Actually, I wanted to bring along images and tables and whatever TextEdit could handle. I know that if I select a lot of different items on a webpage, TextEdit can handle most of it, converting it to rtf. I’d like to bring along all the info, types and formatting that I can.
However, I tried this:
tell application "TextEdit"
set test to the clipboard
make document with properties {text:test}
end tell
And I only get plain text entered into the new document.
I’ve seen some on these boards suggest using “Keystroke + v” type constructions to get rich text input, but I was hoping to avoid that kind of thing. Is there no way to send through something containing images and formatting?
I still meant that I would use AS for interapplication communication, but instead of using NSApplescript, I was wondering if I could put a full script inside the package and then wire up a button to activate it (through the IB Applescript inspector) even though I didn’t create the project as an applescript studio app. I tried to compare the two projects (the current cocoa app and the previous incarnation as a ASStudio app) and the only difference I found was the inclusion of the AS frameworks. So I added it, wired up the button to message the script, but still didn’t get any activity (I tested it with just a simple “Hello World” script.) Am I missing something here? I know that I could just us a NSApplescript and read it in from the package, but I was hoping to let the applescript dynamically take some info from one of the text storage objects.
For prewritten scripts, using NSAppleScript to compile and execute them is quite simple.
If you need to supply the script with arbitrary data then code generation is a crude technique, and it’s important you’re aware of the pitfalls; e.g. creating a literal string using stuff like ‘src = “hello "%s"” % name’ is all well and good until ‘name’ contains an unescaped backslash or double-quote and then you’ve got at best a fatal bug and at worst a glaring security hole. A far safer and more powerful solution is to assemble an Apple event (see NSAppleEventDescriptor) and pass that to your NSAppleScript instance’s executeAppleEvent:Error: method to invoke the appropriate handler in your script, passing in any relevant parameters.
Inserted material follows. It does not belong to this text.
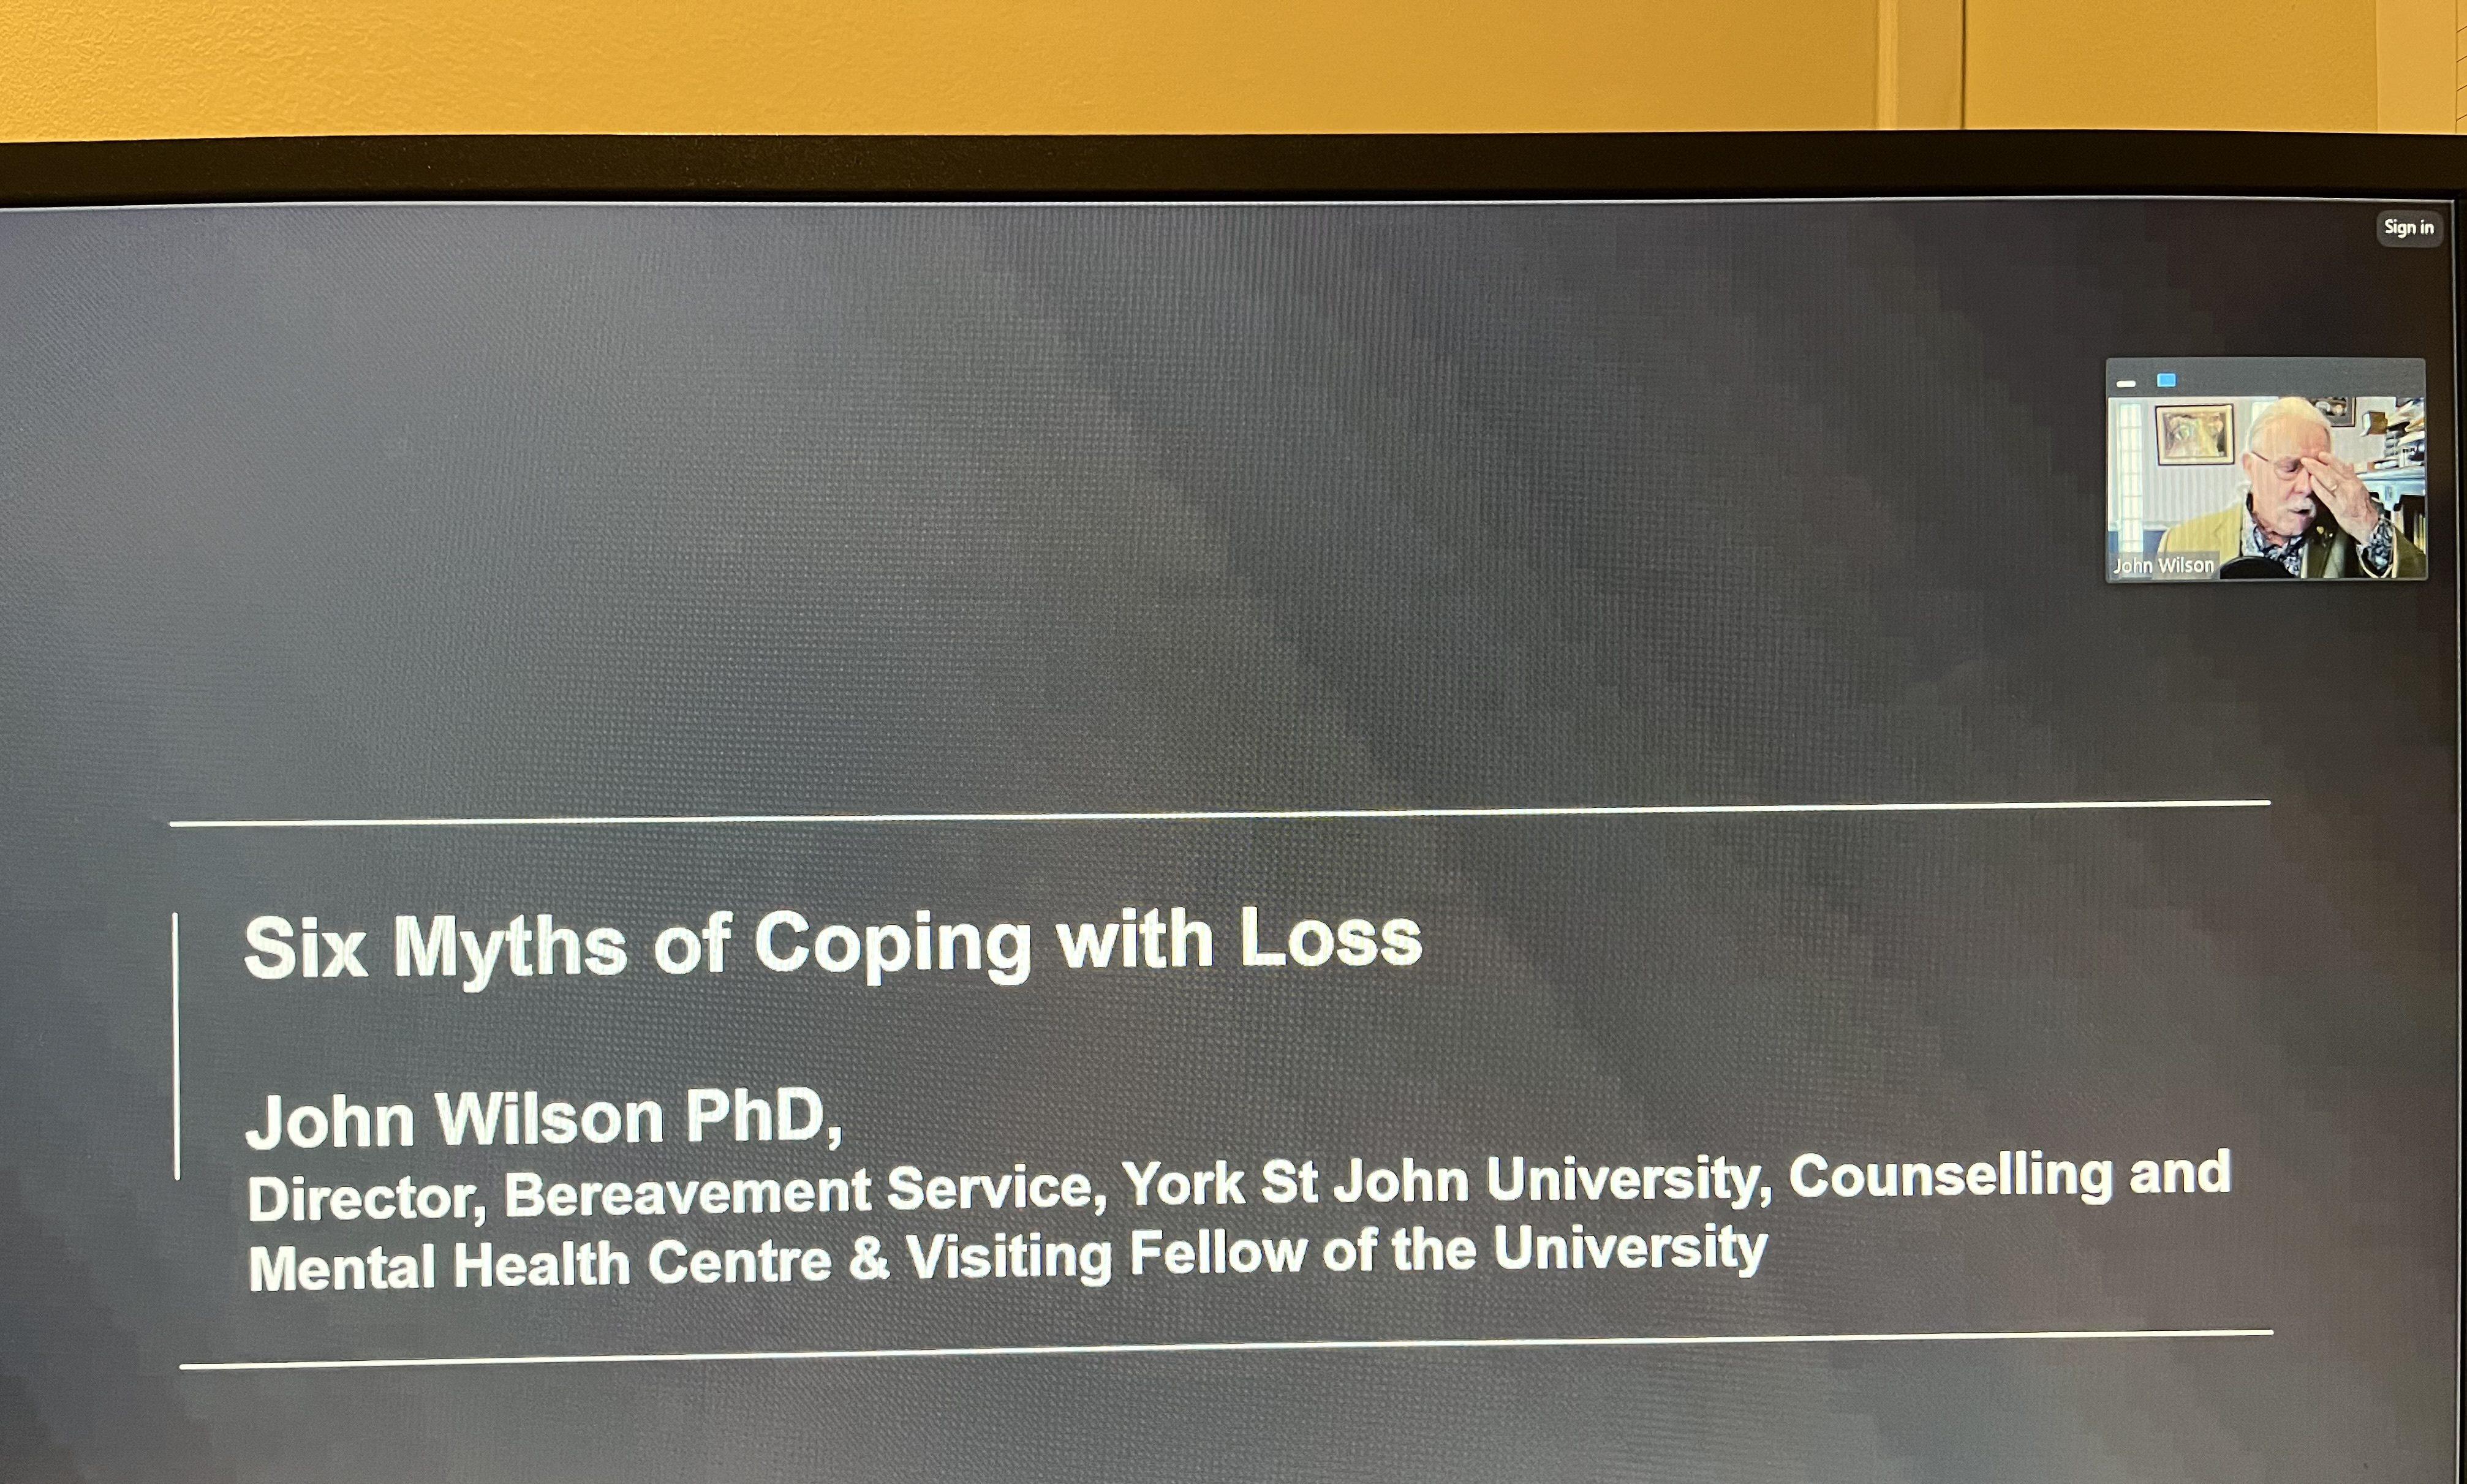 Much Loved webinar : Six myths of coping with loss
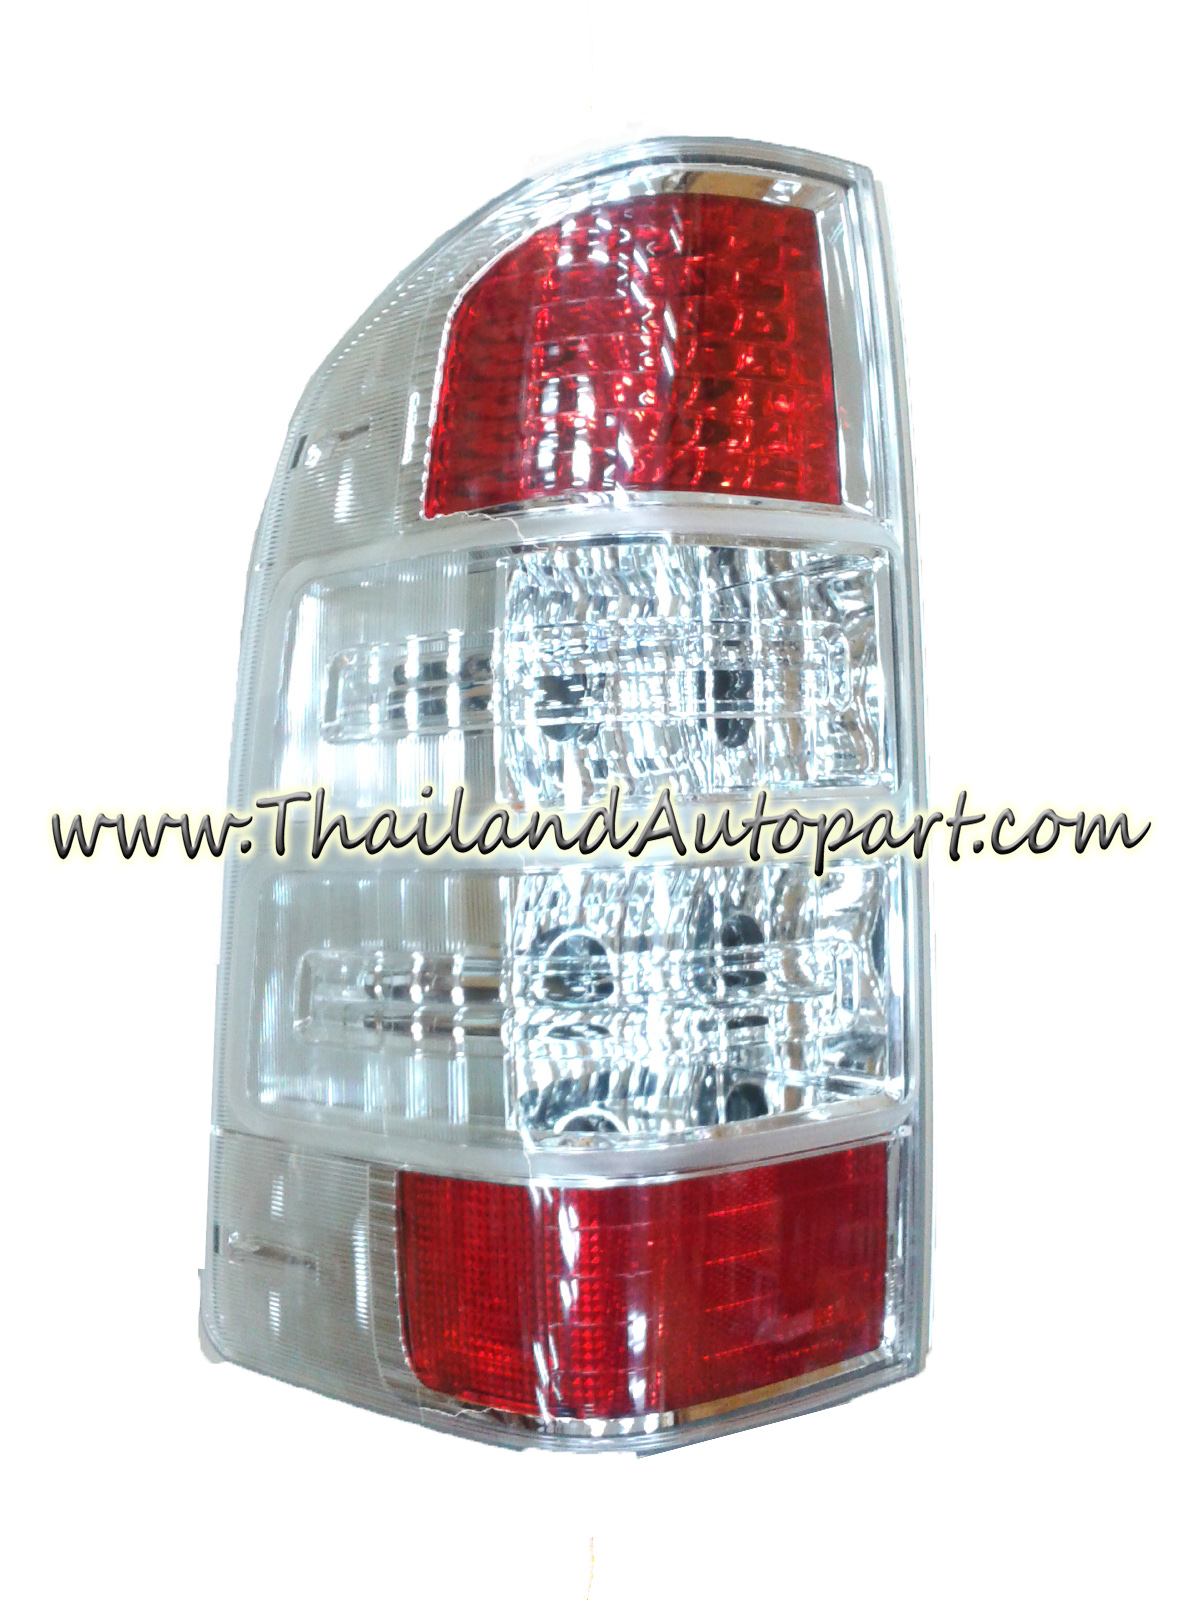 BACK LAMP FOR FORD DURATORQ

There are a number of ways to do IPC on OS X (e.g. shared memory, unix pipes, Mach messages, sockets, Apple events, Distributed Objects) though talking to TextEdit will require Apple events. And there’s a variety of ways to send AEs: AppleScript is an obvious one, but you can also use the original Apple Event Manager API or a combination of NSAppleEventDescriptors (to build events) and AEM (to send them); somewhat verbose but quite doable. Various other languages have bindings available, e.g. Perl’s Mac::Glue and Python’s appscript.
Thanks everyone for the help. I could have spent weeks just to find out in the end it wasn’t possible to begin with.
Looks like I’ll probably end up making it a plugin of the original app (Mori Notebook) although since it does support services NSService might work.